I actually got to talk with my grandmother about the murals in Mexico City as she had seen them while visiting with my grandfather. She said they cover every type of building imaginable and are very important to the culture and people of Mexico. What I’m wondering is how these revolutionary murals affect society today? Do they offer opinions and protests that the government doesn’t want modern people to know or believe in? I’m sure many beautiful murals have been destroyed just because political opinions are always changing. However, it’s interesting to ponder how this type of art is used today and if it truly is art for the people like it was after the revolution, or if it’s just used as decorative purposes and cannot truly be appreciated by the people who view it.

-Katy Andrade

Bibliography:

Derr, Virginia B. “The Rise of a Middle-Class Tradition in Mexican Art.” Journal of Inter-American Studies 3, no. 3 (1961): 385-409. doi:10.2307/164845.

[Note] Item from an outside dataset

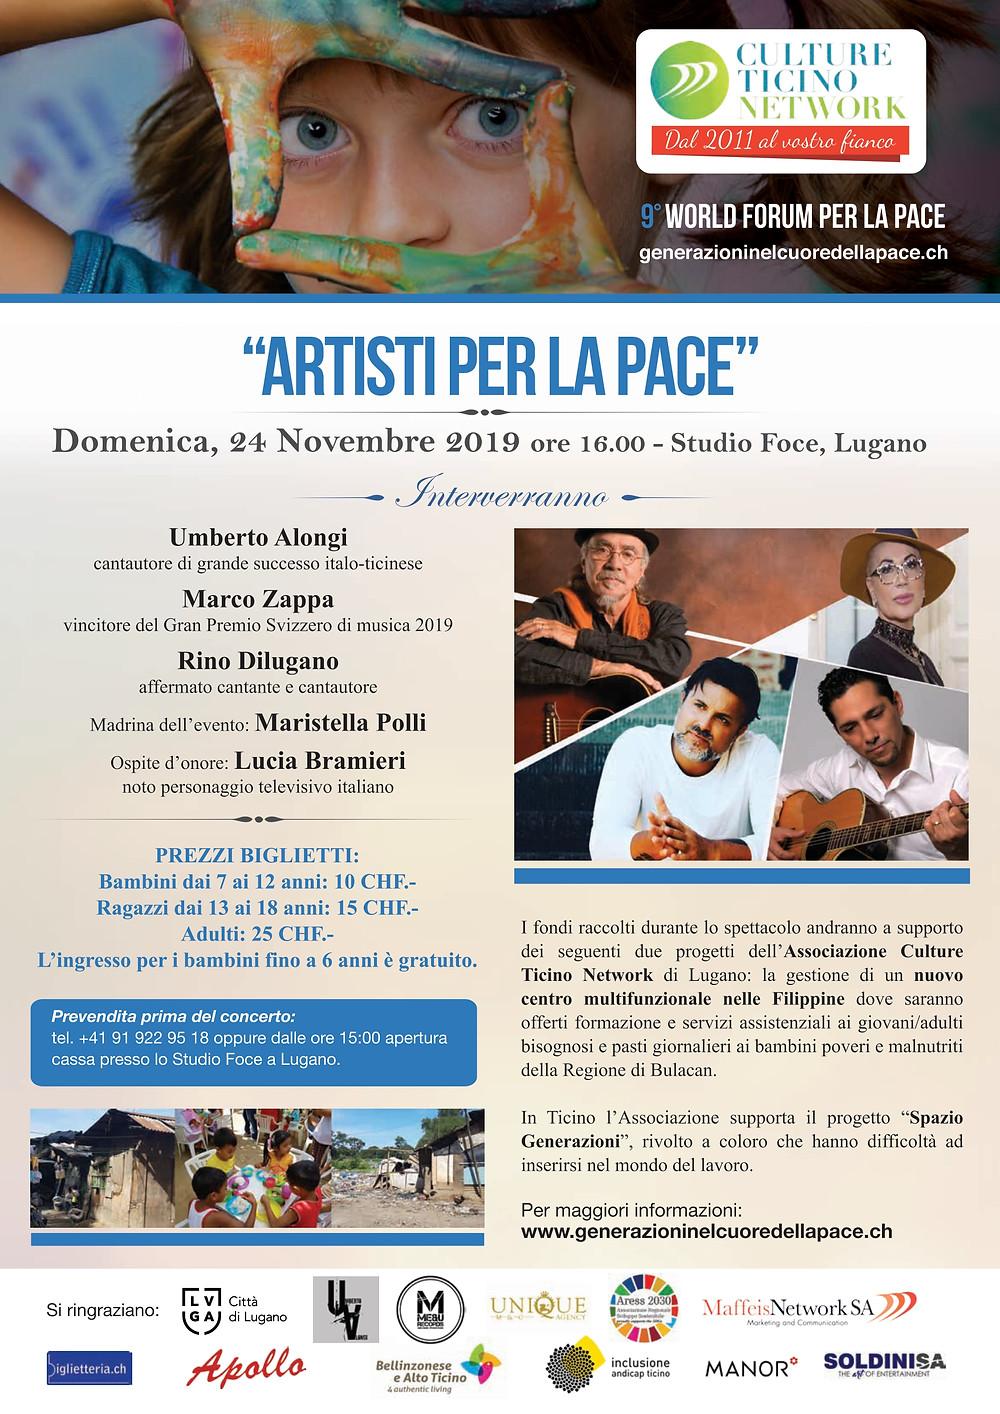 Studio Foce Lugano - 24.11.19 alle ore 16:00

Garnett, W. “MURAL PAINTING HEART OF THE ARTISTIC REBIRTH OF MEXICO IN THE 20TH CENTURY.” Artes De México, no. 5/6 (1954): 133-39. http://0-www.jstor.org.lib.utep.edu/stable/24312060.

Patterson, Robert H. “An Art in Revolution: Antecedents of Mexican Mural Painting, 1900-1920.” Journal of Inter-American Studies 6, no. 3 (1964): 377-87. doi:10.2307/164913.

Polcari, Stephen. “Orozco and Pollock: Epic Transfigurations.” American Art 6, no. 3 (1992): 37-57. http://0-www.jstor.org.lib.utep.edu/stable/3109102.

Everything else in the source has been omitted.